The phrases “doing a Ratner” and “a Ratner moment” came into use after Gerard Ratner’s famous presentation gaffe. The terms refer to the not uncommon tendency of top and senior executives to momentarily lose control of their brains and an put their foot in their mouth.

In 1991, Gerald Ratner, the then head of Britain's biggest high street jeweller, described a silver decanter as 'total crap.' That year, his company, Ratners, produced profits of £110 million. Ratner made his remarks at the AGM of the Institute of Directors. He was giving a presentation which, unbeknownst to him was also attended by members of the press. Speaking of his company’s outstanding performance, the Financial Times reported him as saying: '”We also do cut-glass sherry decanters complete with six glasses on a silver-plated tray that your butler can serve you drinks on, all for £4.95. People say "How can you sell this for such a low price?" I say, because it's total crap.'

Ratner paid dearly for his momentary loss of control. The company's profits turned into a loss of £122m and within a year, investors forced him to leave the board. The Ratner brandname was changed to Signet.
The potential for such foot-in-mouthisms from leading businessmen always frightens City fund managers. One said: 'What is so maddening is that it is avoidable. I'm not sure what goes through their minds, but it can have a serious impact.'

For instance, when Stagecoach boss Keith Cochrane, in the US magazine Forbes, compared US bus passengers to riffraff, reaction was swift. Stagecoach shares fell from 73p to 69p in a matter of days. Stagecoach, concerned that its man had 'done a Ratner', vigorously denied it. Stagecoach seems to have a habit of bad publicity. It’s reportedly colourful chairman Brian Souter, once described all northerners as 'beer-drinking, chip-eating, council house-dwelling masses'.

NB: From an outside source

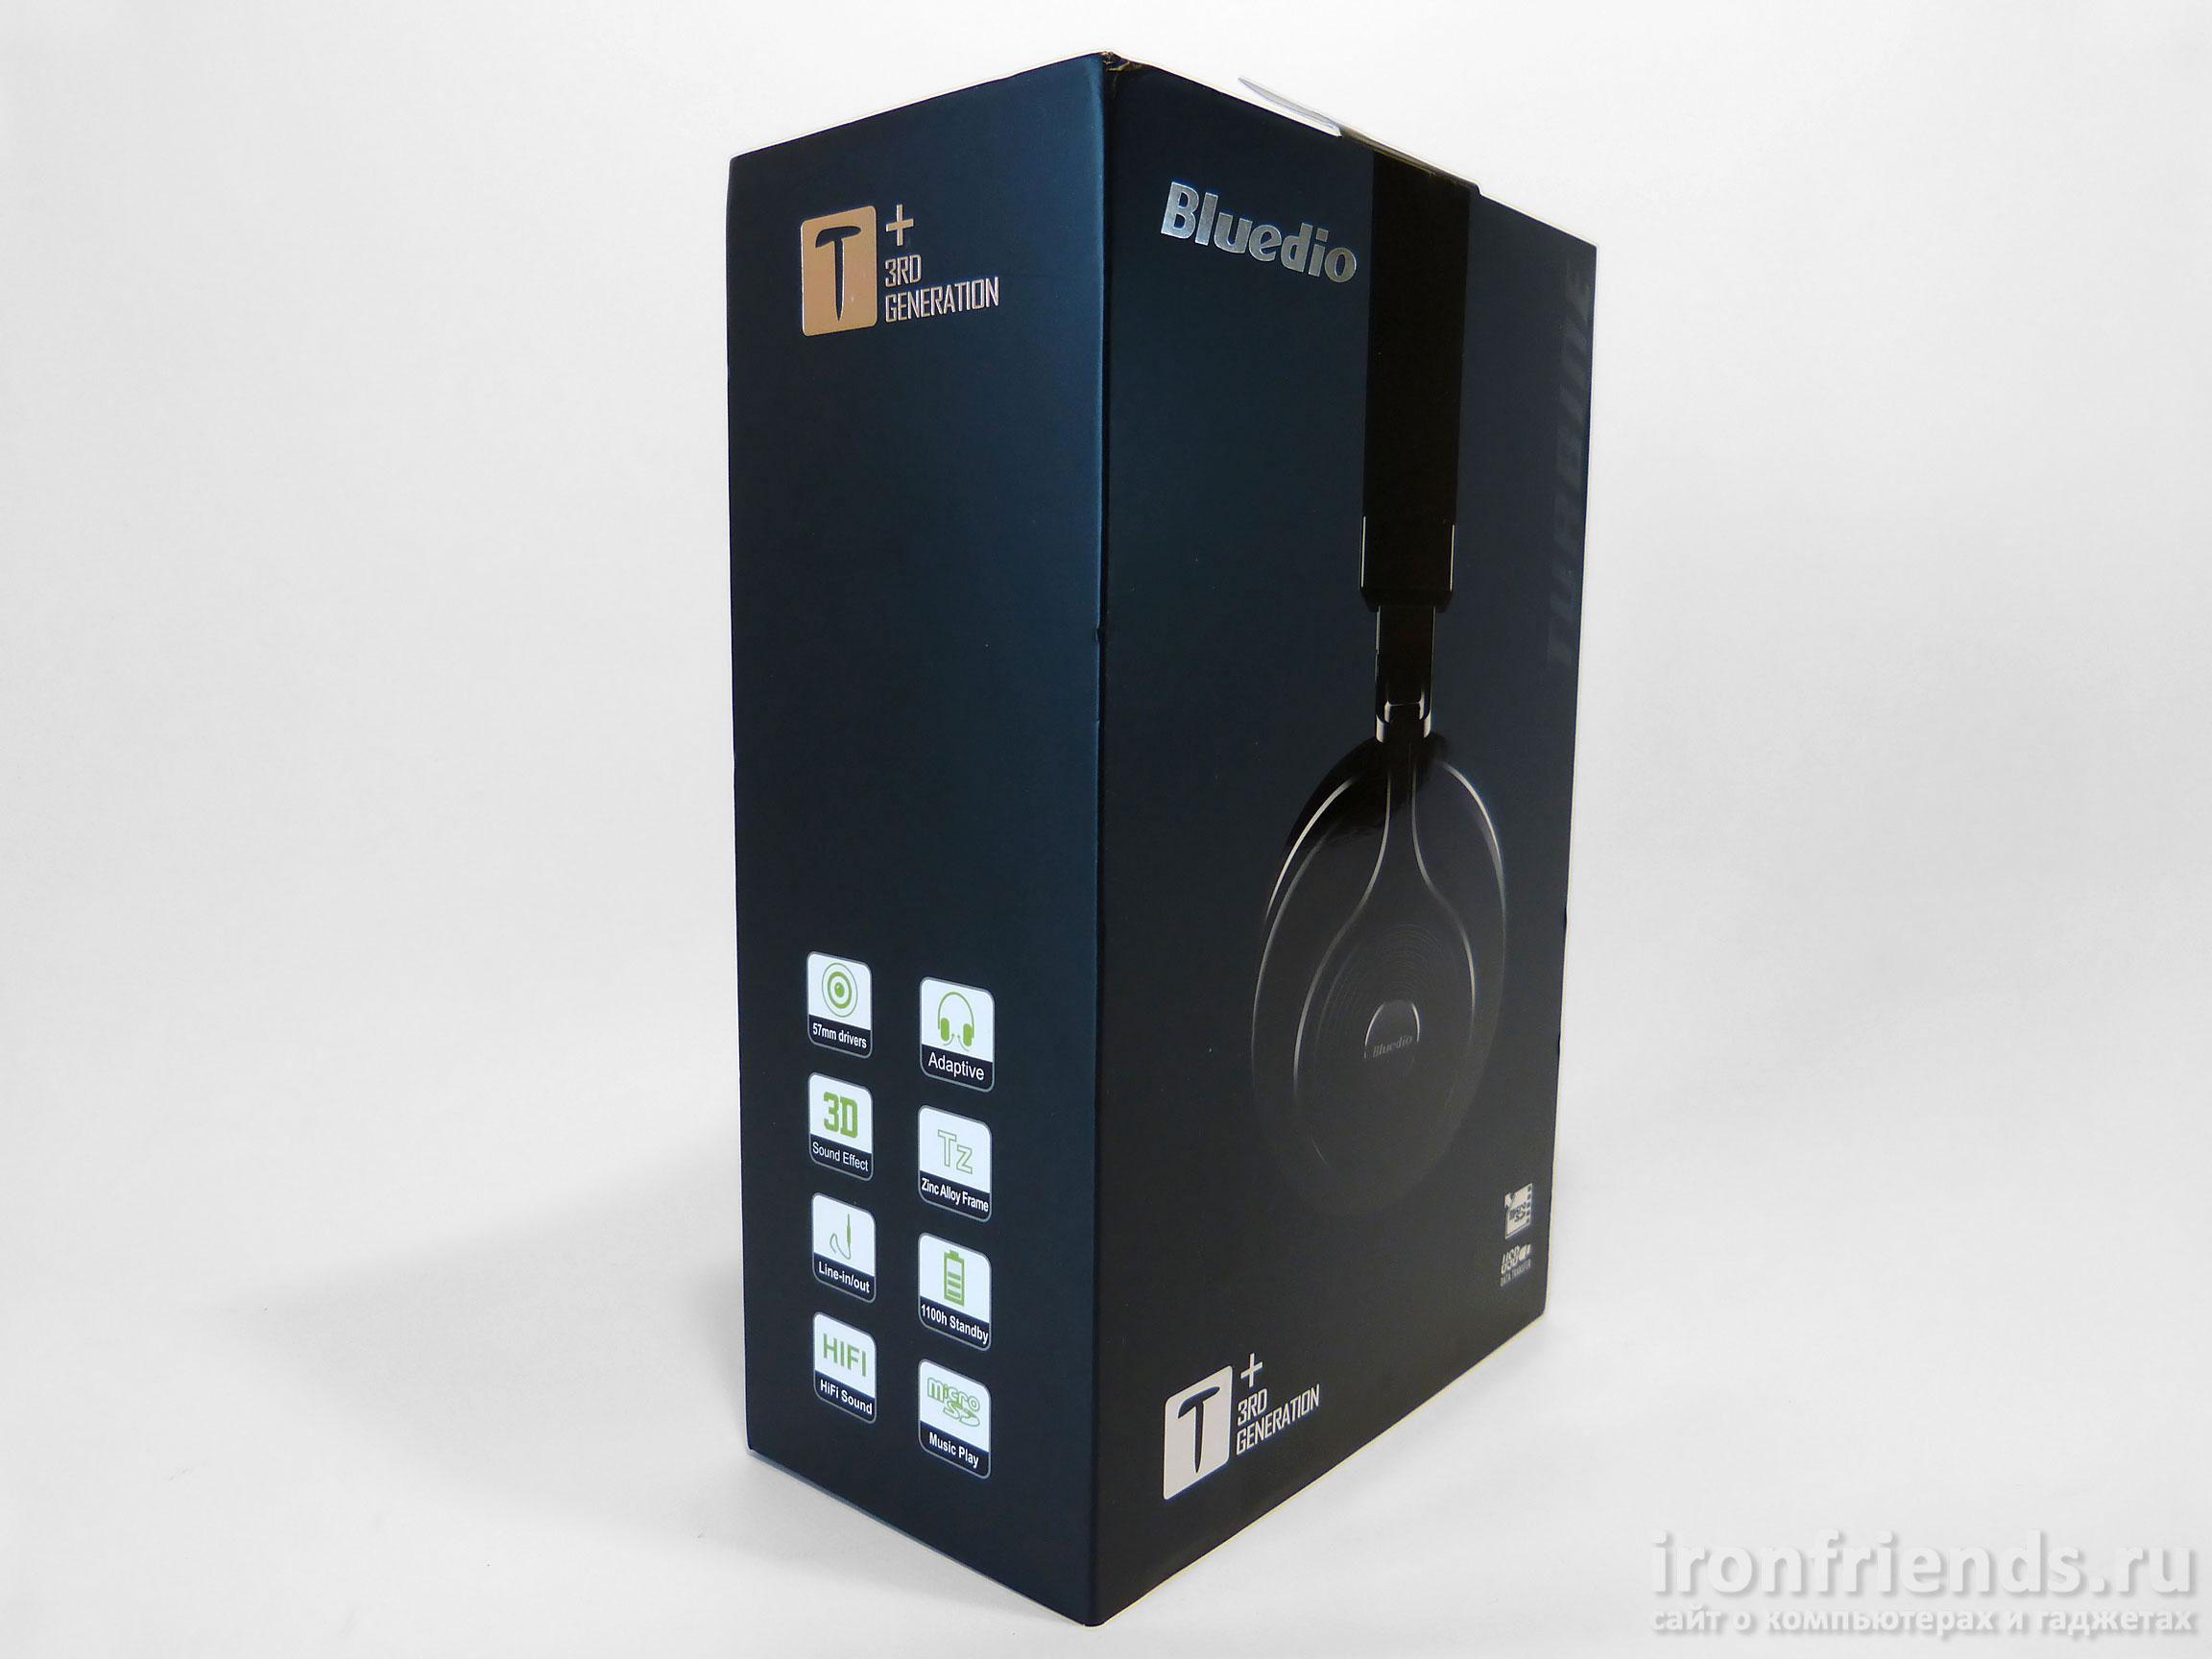 Упаковка Bluedio T3+

In another example of loss of presence, retail entrepreneur Philip Green was forced to offer an unreserved apology to the Irish in a bid to prevent a customer boycott. Attacking the Guardian's financial editor, Paul Murphy, during an investigation into his accounts, Green said: 'He can't read English. Mind you, he is a f***ing Irishman.'
Green referred to Murphy’s nationality several times while attempting to prevent the paper writing about his accounts. He was forced to apologise and said he had not meant to offend.

Gaffes do not always presage disaster. Other seemingly disparaging remarks, such as Topman brand director David Shepherd's description of his customers as 'hooligans' who bought Topman suits for their first court appearance, have not triggered meltdown. Although shares in Topman's owner, Arcadia, fell 4.5p to 270p afterwards, the company's profits for the year jumped to £53.3m from a loss of £8.5m.

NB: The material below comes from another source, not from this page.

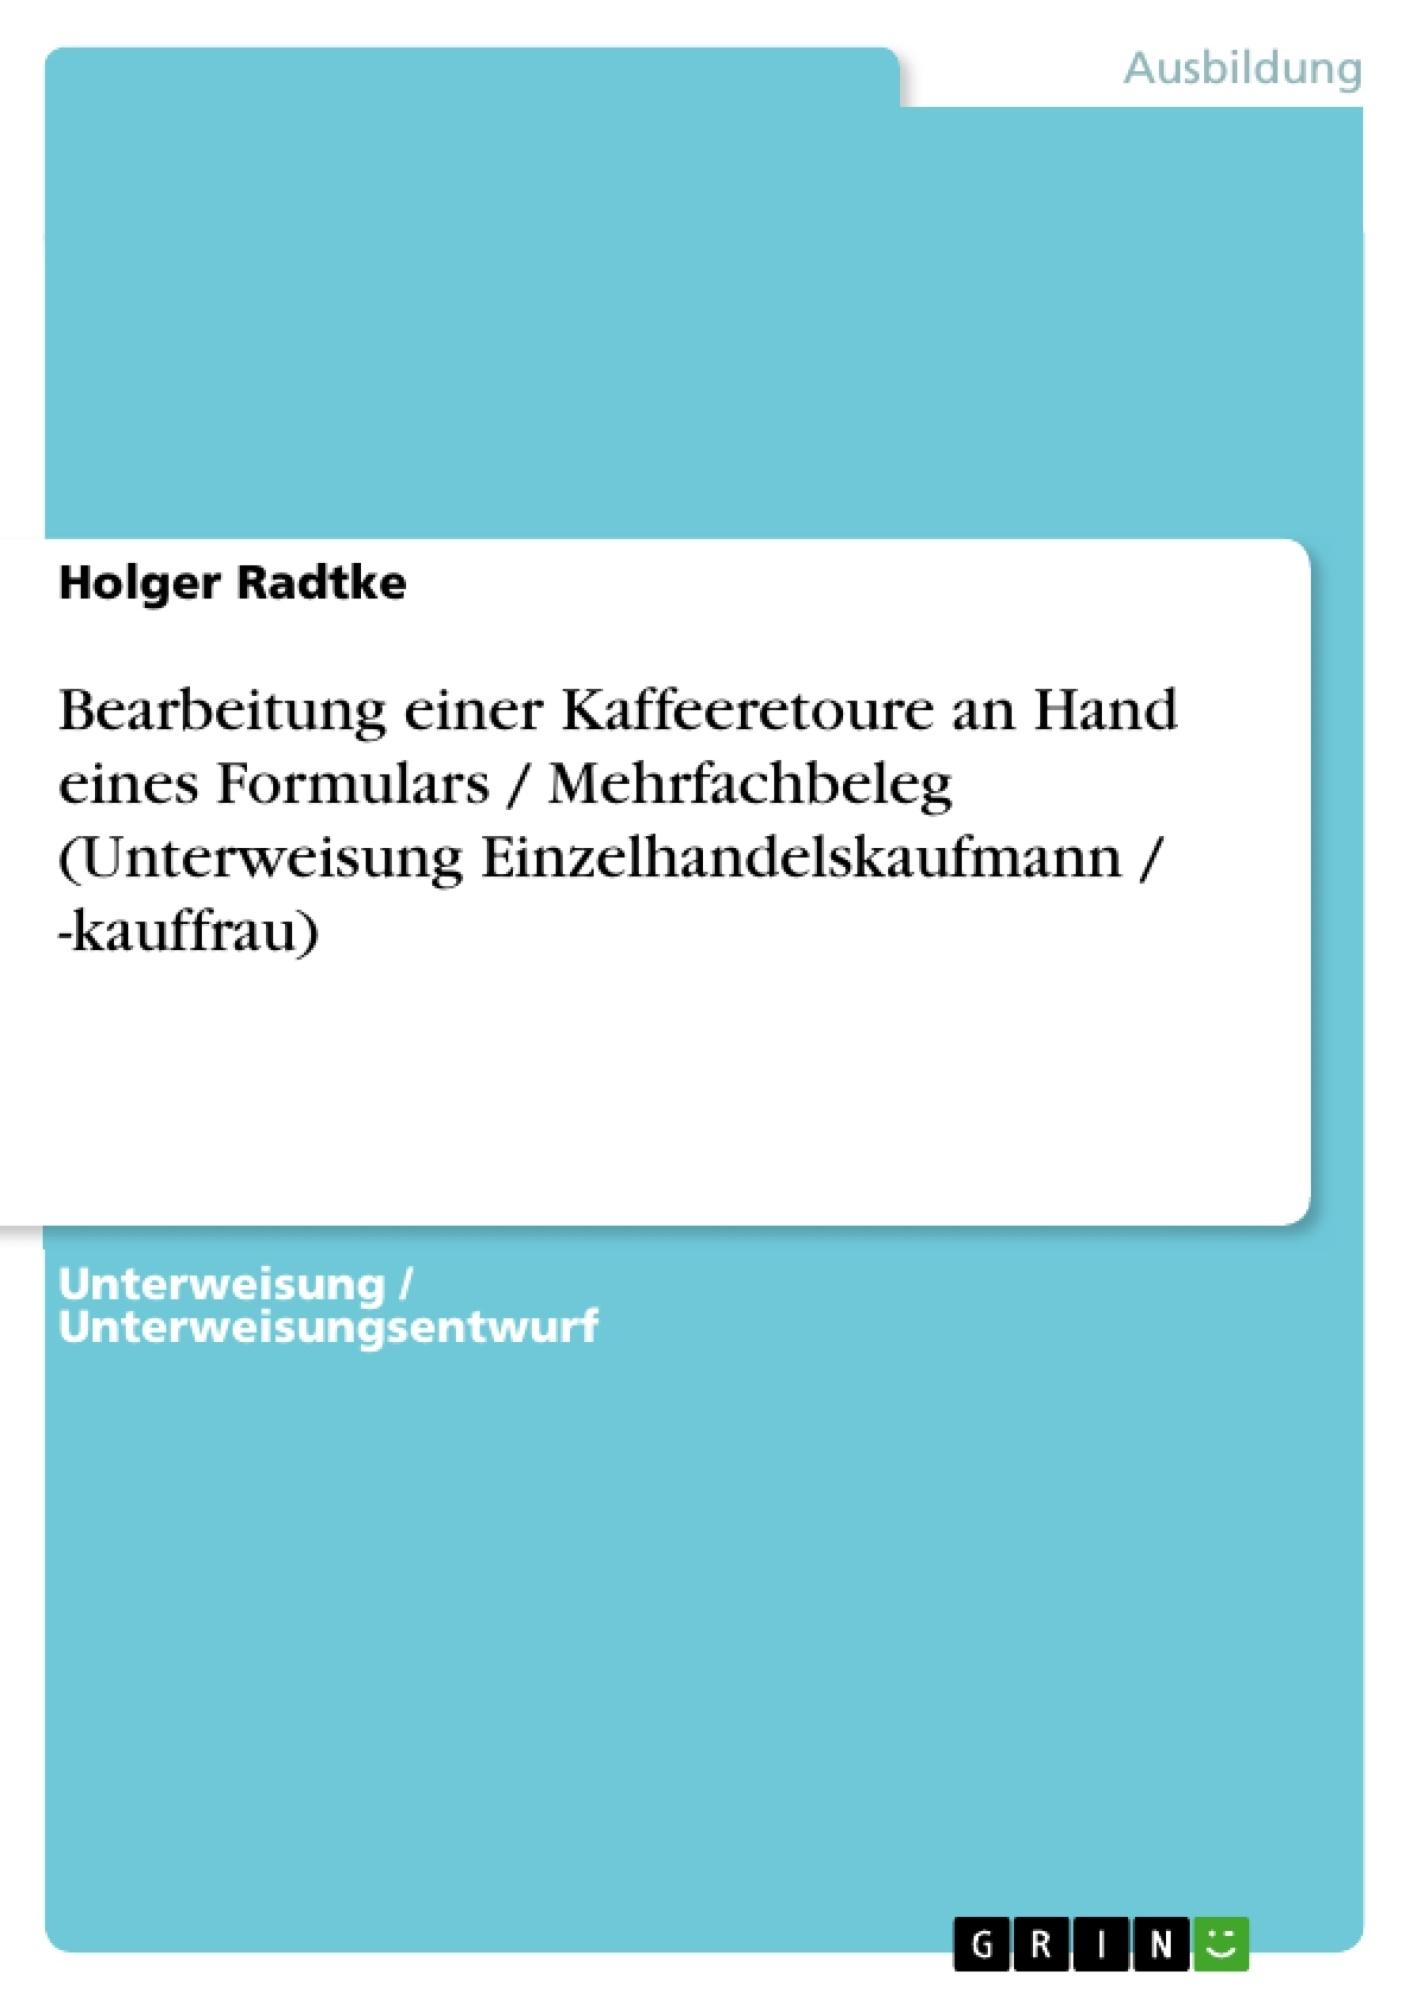 Titel: Bearbeitung einer Kaffeeretoure an Hand eines Formulars / Mehrfachbeleg (Unterweisung Einzelhandelskaufmann / -kauffrau)

At the time of the slip-up by Newcastle United directors Freddie Shepherd and Douglas Hall - they described female fans as 'dogs' and said they couldn’t understand fans buying club shirts that cost £5 to produce and sold for £50 - shares were 45p below the price at flotation a year before. They actually rose a few days afterwards.

Camelot's Dianne Thompson will have to live with her suggestion that punters would be lucky to win a tenner. Perhaps she should have known better - she worked at Ratner successor Signet.